[[ DATA SUPPLIED, beginning ]]
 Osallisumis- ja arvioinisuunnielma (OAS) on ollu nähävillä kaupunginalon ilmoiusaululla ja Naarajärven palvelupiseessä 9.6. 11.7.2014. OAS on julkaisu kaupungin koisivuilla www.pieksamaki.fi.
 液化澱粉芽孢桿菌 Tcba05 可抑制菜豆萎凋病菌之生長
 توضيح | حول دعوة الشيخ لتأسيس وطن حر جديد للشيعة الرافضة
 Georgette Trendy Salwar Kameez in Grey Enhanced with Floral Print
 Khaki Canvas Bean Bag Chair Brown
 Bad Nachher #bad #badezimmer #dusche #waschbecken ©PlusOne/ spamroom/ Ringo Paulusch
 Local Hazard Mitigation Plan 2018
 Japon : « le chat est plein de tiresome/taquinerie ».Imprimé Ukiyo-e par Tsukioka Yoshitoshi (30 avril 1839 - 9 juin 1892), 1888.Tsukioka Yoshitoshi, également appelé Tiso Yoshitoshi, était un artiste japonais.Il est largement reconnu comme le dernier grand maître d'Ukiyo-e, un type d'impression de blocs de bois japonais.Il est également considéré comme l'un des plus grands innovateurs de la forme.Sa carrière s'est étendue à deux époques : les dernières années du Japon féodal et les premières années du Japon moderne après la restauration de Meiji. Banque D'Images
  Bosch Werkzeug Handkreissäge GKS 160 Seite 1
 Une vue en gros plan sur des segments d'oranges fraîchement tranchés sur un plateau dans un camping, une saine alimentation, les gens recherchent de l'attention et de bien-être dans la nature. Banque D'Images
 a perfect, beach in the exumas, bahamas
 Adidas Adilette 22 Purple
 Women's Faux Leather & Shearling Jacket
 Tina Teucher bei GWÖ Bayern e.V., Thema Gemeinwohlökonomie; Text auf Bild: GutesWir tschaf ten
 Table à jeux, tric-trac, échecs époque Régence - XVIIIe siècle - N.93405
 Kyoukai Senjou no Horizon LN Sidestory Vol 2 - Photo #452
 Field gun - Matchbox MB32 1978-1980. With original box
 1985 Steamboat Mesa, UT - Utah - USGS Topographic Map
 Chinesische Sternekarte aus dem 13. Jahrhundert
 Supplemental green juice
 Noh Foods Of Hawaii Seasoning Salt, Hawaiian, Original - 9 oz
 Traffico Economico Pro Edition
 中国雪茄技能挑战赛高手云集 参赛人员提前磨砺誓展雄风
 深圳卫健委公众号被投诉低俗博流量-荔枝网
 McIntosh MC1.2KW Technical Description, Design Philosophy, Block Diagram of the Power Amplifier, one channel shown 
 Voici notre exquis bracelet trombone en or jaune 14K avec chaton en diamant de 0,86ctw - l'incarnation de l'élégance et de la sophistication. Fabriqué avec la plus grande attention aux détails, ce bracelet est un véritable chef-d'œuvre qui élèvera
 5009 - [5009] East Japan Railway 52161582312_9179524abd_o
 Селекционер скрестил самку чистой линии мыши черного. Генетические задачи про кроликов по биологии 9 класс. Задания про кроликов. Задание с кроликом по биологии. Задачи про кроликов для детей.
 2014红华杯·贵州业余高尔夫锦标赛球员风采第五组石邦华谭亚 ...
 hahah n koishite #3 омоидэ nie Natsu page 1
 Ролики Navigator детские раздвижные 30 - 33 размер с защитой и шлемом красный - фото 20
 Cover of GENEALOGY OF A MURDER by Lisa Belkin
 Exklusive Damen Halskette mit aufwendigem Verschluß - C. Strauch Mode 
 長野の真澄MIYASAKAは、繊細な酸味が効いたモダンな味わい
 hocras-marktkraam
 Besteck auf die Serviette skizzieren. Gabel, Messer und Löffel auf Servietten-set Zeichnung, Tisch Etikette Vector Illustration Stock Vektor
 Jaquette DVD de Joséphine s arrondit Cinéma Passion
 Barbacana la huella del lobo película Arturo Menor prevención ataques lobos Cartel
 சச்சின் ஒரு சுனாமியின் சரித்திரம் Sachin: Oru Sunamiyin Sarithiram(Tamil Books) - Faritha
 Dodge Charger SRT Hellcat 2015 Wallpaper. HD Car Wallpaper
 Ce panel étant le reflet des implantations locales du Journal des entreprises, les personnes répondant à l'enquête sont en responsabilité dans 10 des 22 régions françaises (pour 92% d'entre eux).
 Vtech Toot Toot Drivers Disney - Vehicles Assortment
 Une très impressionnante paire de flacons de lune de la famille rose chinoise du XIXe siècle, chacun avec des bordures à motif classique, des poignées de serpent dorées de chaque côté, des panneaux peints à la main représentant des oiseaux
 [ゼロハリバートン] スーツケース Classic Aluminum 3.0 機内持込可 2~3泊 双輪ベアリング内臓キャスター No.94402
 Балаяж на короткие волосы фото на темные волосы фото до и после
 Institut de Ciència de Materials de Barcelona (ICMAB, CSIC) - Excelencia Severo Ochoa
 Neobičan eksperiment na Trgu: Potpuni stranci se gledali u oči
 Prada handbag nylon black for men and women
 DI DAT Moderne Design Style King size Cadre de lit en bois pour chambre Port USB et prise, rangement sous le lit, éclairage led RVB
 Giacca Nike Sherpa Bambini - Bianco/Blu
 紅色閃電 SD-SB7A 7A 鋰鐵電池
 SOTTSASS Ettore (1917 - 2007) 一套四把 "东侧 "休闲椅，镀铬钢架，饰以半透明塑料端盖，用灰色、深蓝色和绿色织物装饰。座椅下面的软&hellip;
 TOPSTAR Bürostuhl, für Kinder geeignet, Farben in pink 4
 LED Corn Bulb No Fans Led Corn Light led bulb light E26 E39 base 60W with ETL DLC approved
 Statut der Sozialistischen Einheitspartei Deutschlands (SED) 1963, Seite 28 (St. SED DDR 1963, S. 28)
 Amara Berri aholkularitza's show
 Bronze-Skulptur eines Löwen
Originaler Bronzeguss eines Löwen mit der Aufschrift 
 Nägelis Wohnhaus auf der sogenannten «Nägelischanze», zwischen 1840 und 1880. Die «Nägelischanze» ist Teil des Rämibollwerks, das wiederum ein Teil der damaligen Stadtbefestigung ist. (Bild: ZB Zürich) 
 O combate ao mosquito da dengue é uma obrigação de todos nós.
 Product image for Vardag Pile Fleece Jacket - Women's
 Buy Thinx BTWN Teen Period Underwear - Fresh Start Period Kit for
[[ DATA SUPPLIED, end ]]
WHAT NEEDS TO BE DONE: Each line from the start of the listing above through the line containing "Table à jeux, tric-trac, échecs" should be copied exactly, please, with no other lines added.

TASK SOLUTION:
 Osallisumis- ja arvioinisuunnielma (OAS) on ollu nähävillä kaupunginalon ilmoiusaululla ja Naarajärven palvelupiseessä 9.6. 11.7.2014. OAS on julkaisu kaupungin koisivuilla www.pieksamaki.fi.
 液化澱粉芽孢桿菌 Tcba05 可抑制菜豆萎凋病菌之生長
 توضيح | حول دعوة الشيخ لتأسيس وطن حر جديد للشيعة الرافضة
 Georgette Trendy Salwar Kameez in Grey Enhanced with Floral Print
 Khaki Canvas Bean Bag Chair Brown
 Bad Nachher #bad #badezimmer #dusche #waschbecken ©PlusOne/ spamroom/ Ringo Paulusch
 Local Hazard Mitigation Plan 2018
 Japon : « le chat est plein de tiresome/taquinerie ».Imprimé Ukiyo-e par Tsukioka Yoshitoshi (30 avril 1839 - 9 juin 1892), 1888.Tsukioka Yoshitoshi, également appelé Tiso Yoshitoshi, était un artiste japonais.Il est largement reconnu comme le dernier grand maître d'Ukiyo-e, un type d'impression de blocs de bois japonais.Il est également considéré comme l'un des plus grands innovateurs de la forme.Sa carrière s'est étendue à deux époques : les dernières années du Japon féodal et les premières années du Japon moderne après la restauration de Meiji. Banque D'Images
  Bosch Werkzeug Handkreissäge GKS 160 Seite 1
 Une vue en gros plan sur des segments d'oranges fraîchement tranchés sur un plateau dans un camping, une saine alimentation, les gens recherchent de l'attention et de bien-être dans la nature. Banque D'Images
 a perfect, beach in the exumas, bahamas
 Adidas Adilette 22 Purple
 Women's Faux Leather & Shearling Jacket
 Tina Teucher bei GWÖ Bayern e.V., Thema Gemeinwohlökonomie; Text auf Bild: GutesWir tschaf ten
 Table à jeux, tric-trac, échecs époque Régence - XVIIIe siècle - N.93405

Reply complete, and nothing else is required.